Quote:
Divide Israel, Arabs like Cyprus: Israeli deputy PM
(AFP)
5 November 2006
LONDON - Israel should copy the division of Cyprus to deal with the “problem” of its large Arab minority, the country’s new Deputy Prime Minister Avigdor Lieberman told The Sunday Telegraph newspaper.
The firebrand strategic affairs minister said the pain of Cyprus splitting into two along ethnic lines was worth the gain in an interview with the British weekly broadsheet.
And the leader of the Yisrael Beitenu (Israel is Our Home) party, who was sworn into office on Monday, branded Iran “the basis of an axis of evil which is a problem for all the world”.
The hardliner insisted that the best way to bring about peace in the Middle East would be for Jews and Arabs to live completely apart—including Israeli Arabs, who make up nearly a fifth of Israel’s citizens.
Lieberman, 48, is well-known for wanting to keep Israeli settlements in the West Bank while “in return” redrawing Israel’s border to eject thousands of Israeli Arabs.
“Minorities are the biggest problem in the world,” the minister said.
“I think separation between two nations is the best solution. Cyprus is the best model. Before 1974, the Greeks and Turks lived together and there were frictions and bloodshed and terror.
“After 1974, they constituted all Turks on one part of the island, all Greeks on the other part of the island and there is stability and security.”
Reminded that thousands were forcibly driven from their homes, Lieberman said: “Yes, but the final result was better.”
An aide fleshed out Lieberman’s comments by adding: “Israeli Arabs don’t have to go.
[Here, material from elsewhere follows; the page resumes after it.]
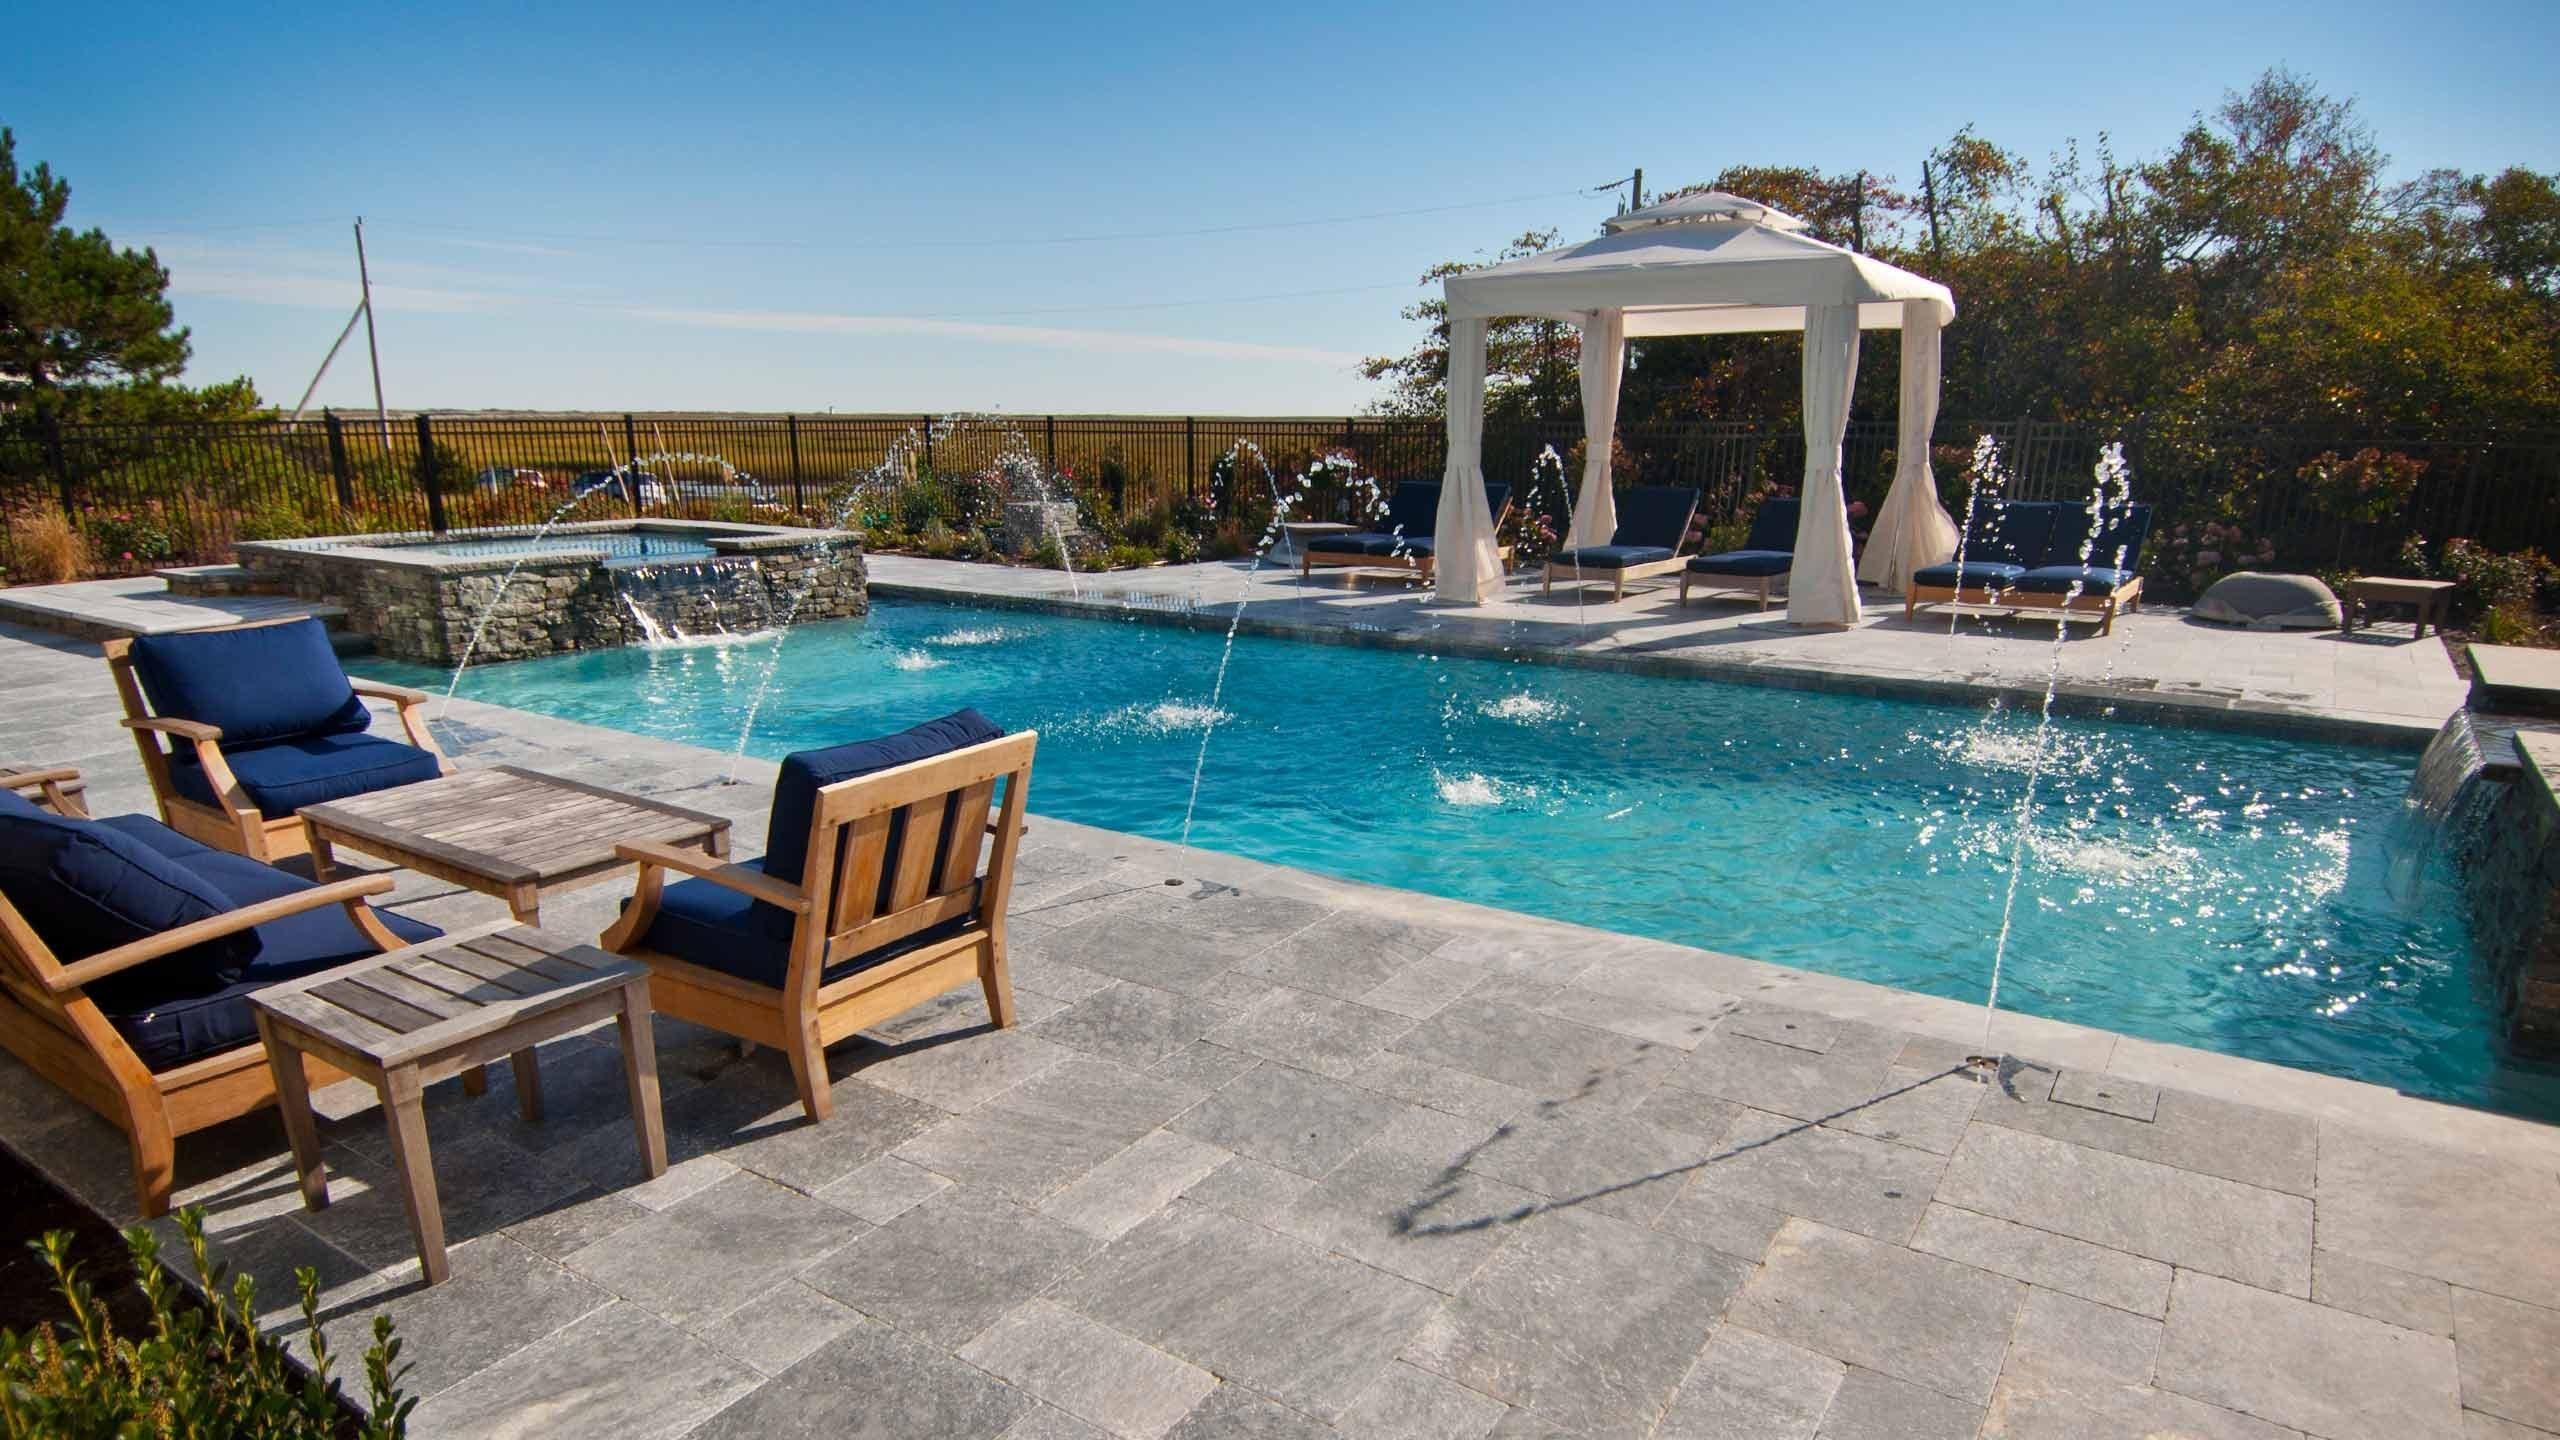 Outdoor pool overlooking the water in Provincetown

But if they stay they have to take an oath of allegiance to Israel as a Jewish Zionist state.”
Lieberman said Israel’s Arab minority was a “problem” which required “separation” from the Jewish state.
“We established Israel as a Jewish country”, he said.
“I want to provide an Israel that is a Jewish, Zionist country. It’s about what kind of country we want to see in the future. Either it will be an (ethnically mixed) country like any other, or it will continue as a Jewish country.”
Lieberman’s responsibilities include coordinating efforts to counter arch-enemy Iran’s nuclear programme.
Lieberman called for the world to unite against “an axis of evil” led by Tehran.
“Every week, the president of Iran declares his intention to destroy us,” he said.
“Iran is the biggest threat. It’s a problem for the whole world but Israel really has a bad location. We are on the front line between the clash of civilisations between the free world and the extremist Islamic world.”
The arrival of Lieberman in the government marked a turn to the right for a cabinet that took office only in May on a lynchpin of Prime Minister Ehud Olmert’s centrist Kadima party and its main coalition partner, the centre-left Labour party.